TEACHING WITH ACQUIESCENCE

"Prairie School", oil on board, by Don Gray
“It is this almost pugnacious acceptance of reality that distinguishes him…”
-- Michael Sadlier, in Anthony Trollope: A Commentary

Until I read Mr. Sadlier’s essay this morning, I would never have considered using the words “acquiescent” and “pugnacious” in a discussion of successful teaching, but he used them so appropriately in his treatise on the Victorian novelist that I begin wondering whether the good teacher must not always be, you might say,  pugnaciously acquiescent. It’s thought-provoking that the word “acquiesce” derives from the Latin word for “quiet”, for it suggests that an acquiescent person is simply one who finds more reasons for inner peace and quiet than for unease and apprehension.

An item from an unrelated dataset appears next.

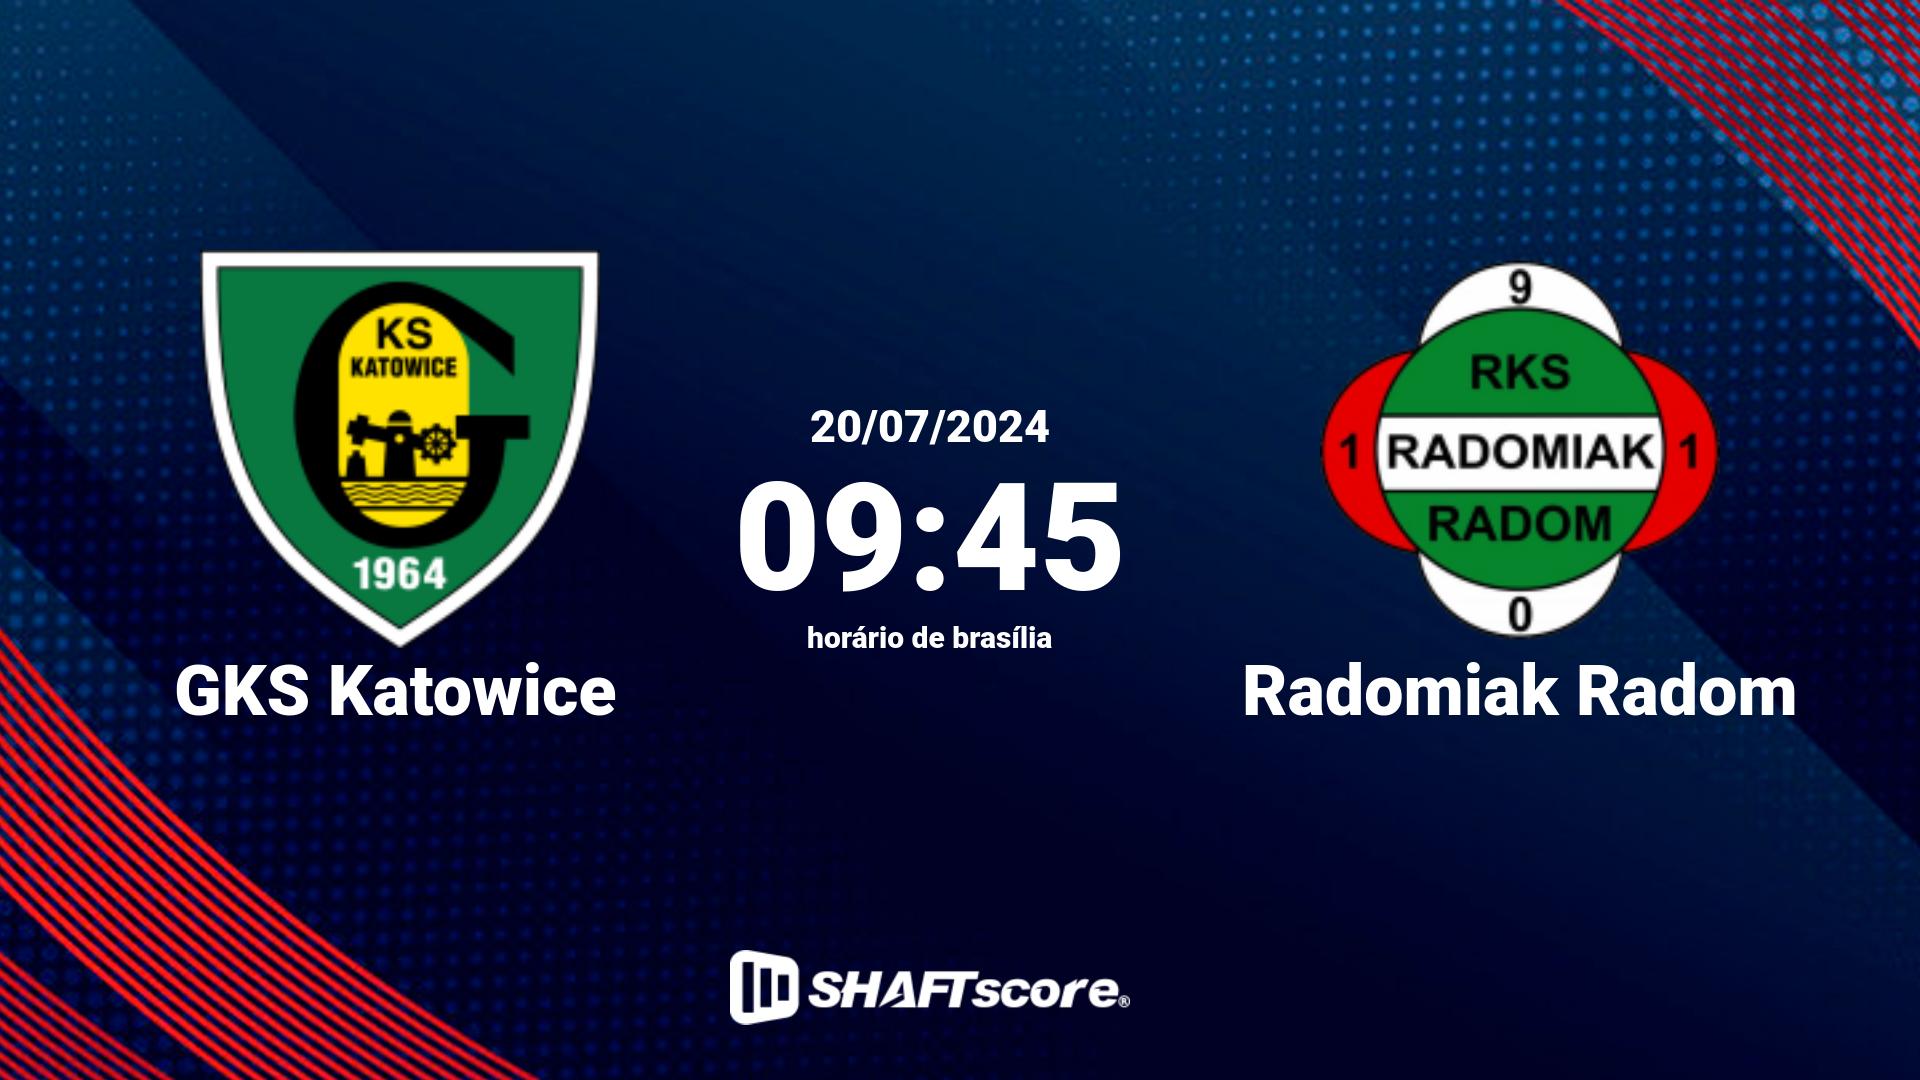 Estatísticas do jogo GKS Katowice vs Radomiak Radom 20.07 09:45

The word literally means “to be at rest”, which summons up a picture of a teacher who treats whatever happens in the classroom as a worthy- of-note occurrence that should be quietly welcomed and walked around and appraised. This is a teacher who knows that nothing can be gained by giving battle, but that everything is won through simple acceptance. However, this is not a submissive and spineless acceptance, but rather a pugnacious one – the kind of acquiescence that says, in feisty tones, “Yes, I’m brave enough to say yes to life as it shows itself to me in the classroom, life as it truly is.” It is a courageous kind of acquiescence, more willing to wonder and marvel at the thoughts and deeds of students than to condemn and castigate them. Of course, there will occasions when the students deserve the teacher’s censure for one reason or another, but the censure should be given with the same humble acquiescence -- the same sense of quietly accepting what simply needs to be done. A teacher can be both tough and soft, both stern and merciful. It’s like being sweet-tempered but with boxing gloves on.